Task: The expected result is the full listing, retyped exactly, without a single picture.

== Source information

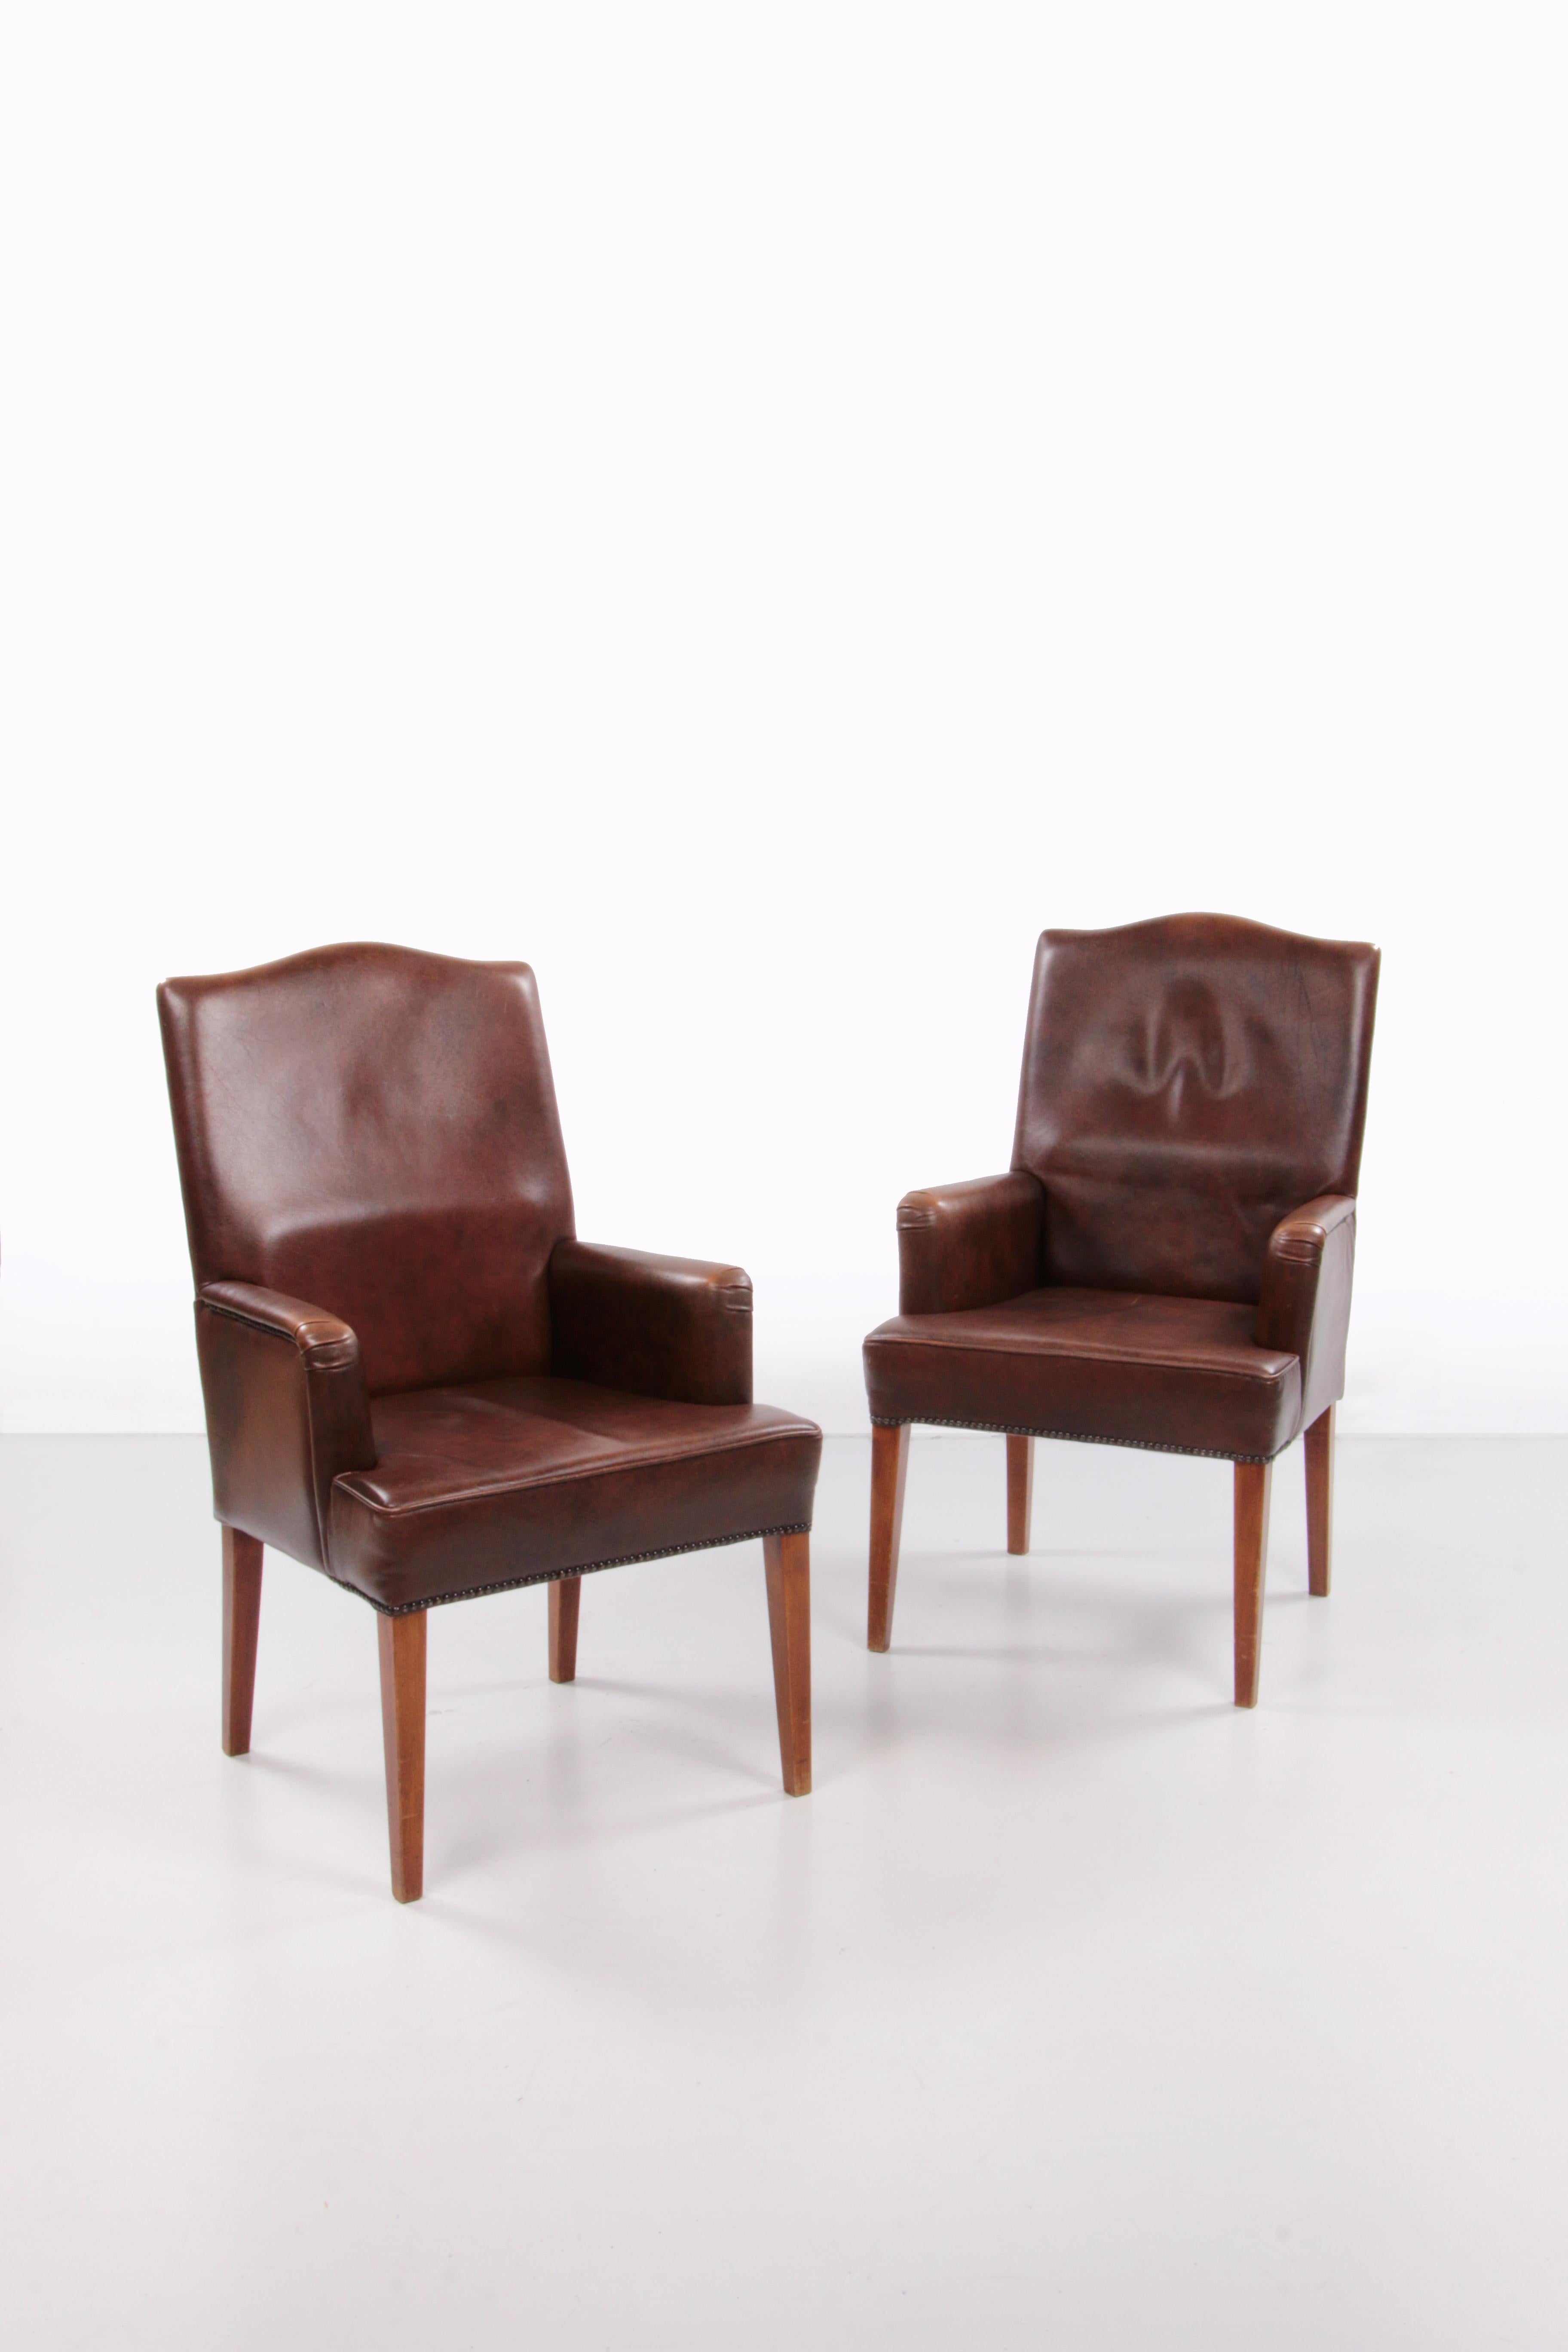 Ensemble de 2 chaises de salle à manger en cuir de mouton, 1970 Pays-Bas.


Il s'agit d'un ensemble de chaises en cuir de mouton.

Fabriqué aux Pays-Bas dans les années 1970. Ces chaises sont en parfait état. La hauteur du siège est de 46 cm.

Cet
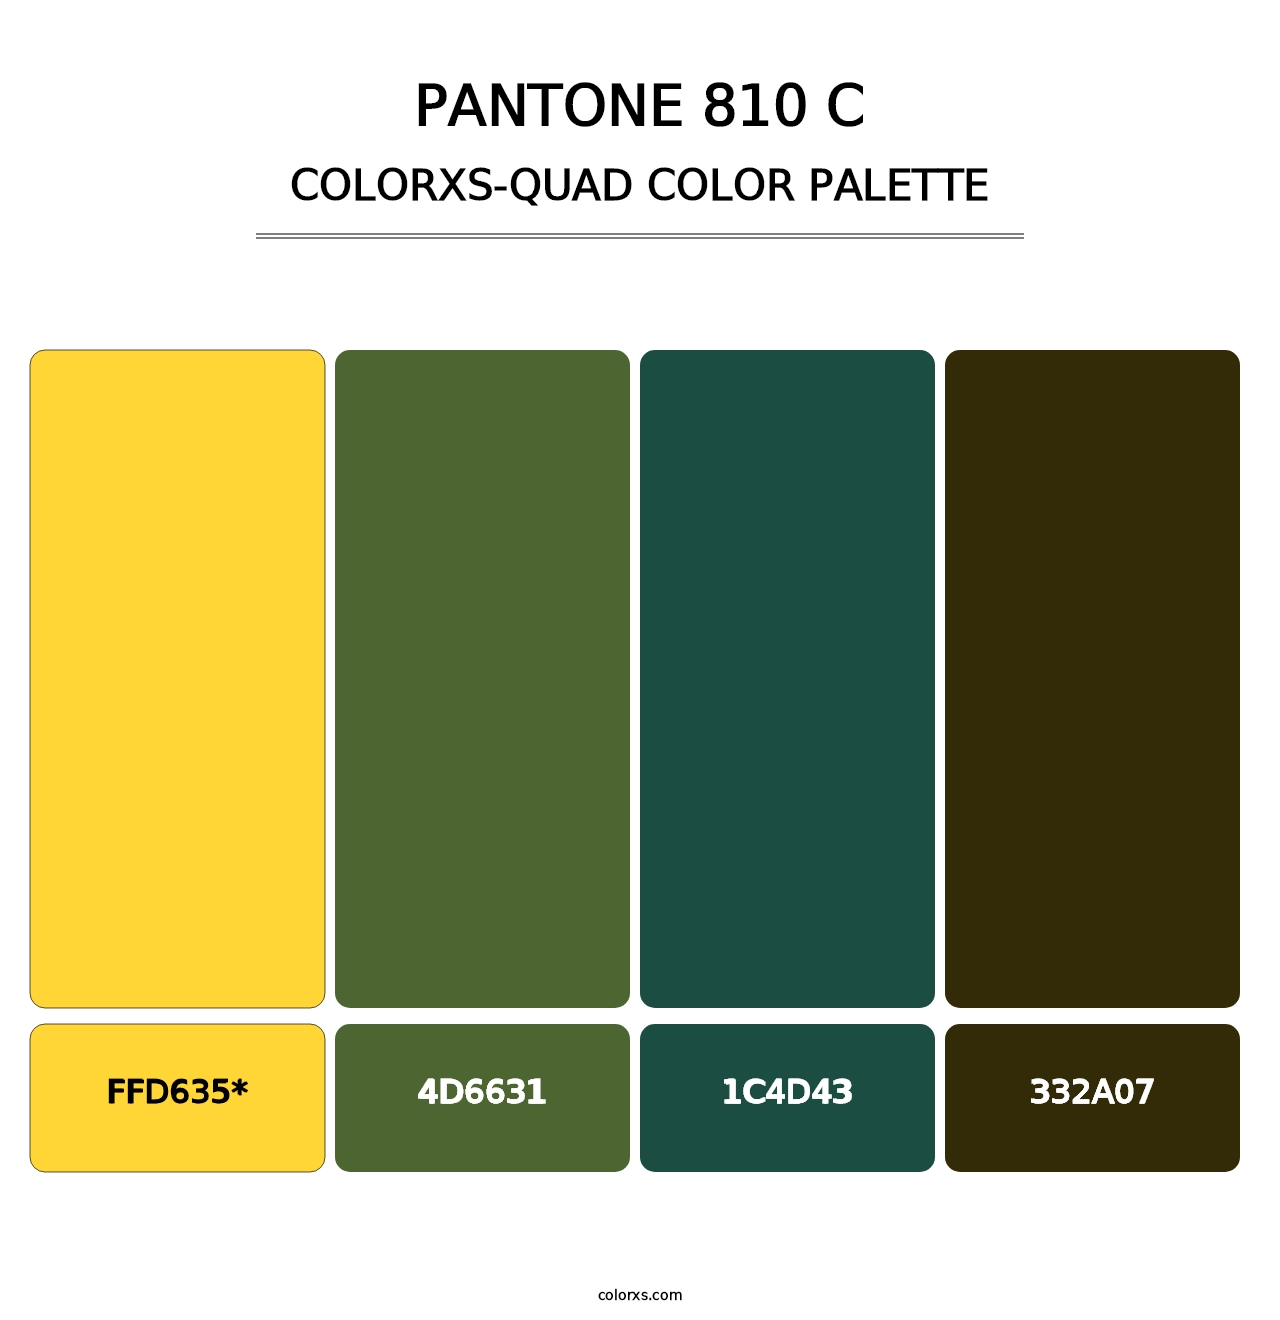 PANTONE 810 C - Colorxs Quad Palette

====

Answer space:
 Ensemble de 2 chaises de salle à manger en cuir de mouton, 1970 Pays-Bas.


Il s'agit d'un ensemble de chaises en cuir de mouton.

Fabriqué aux Pays-Bas dans les années 1970. Ces chaises sont en parfait état. La hauteur du siège est de 46 cm.

Cet
 PANTONE 810 C - Colorxs Quad Palette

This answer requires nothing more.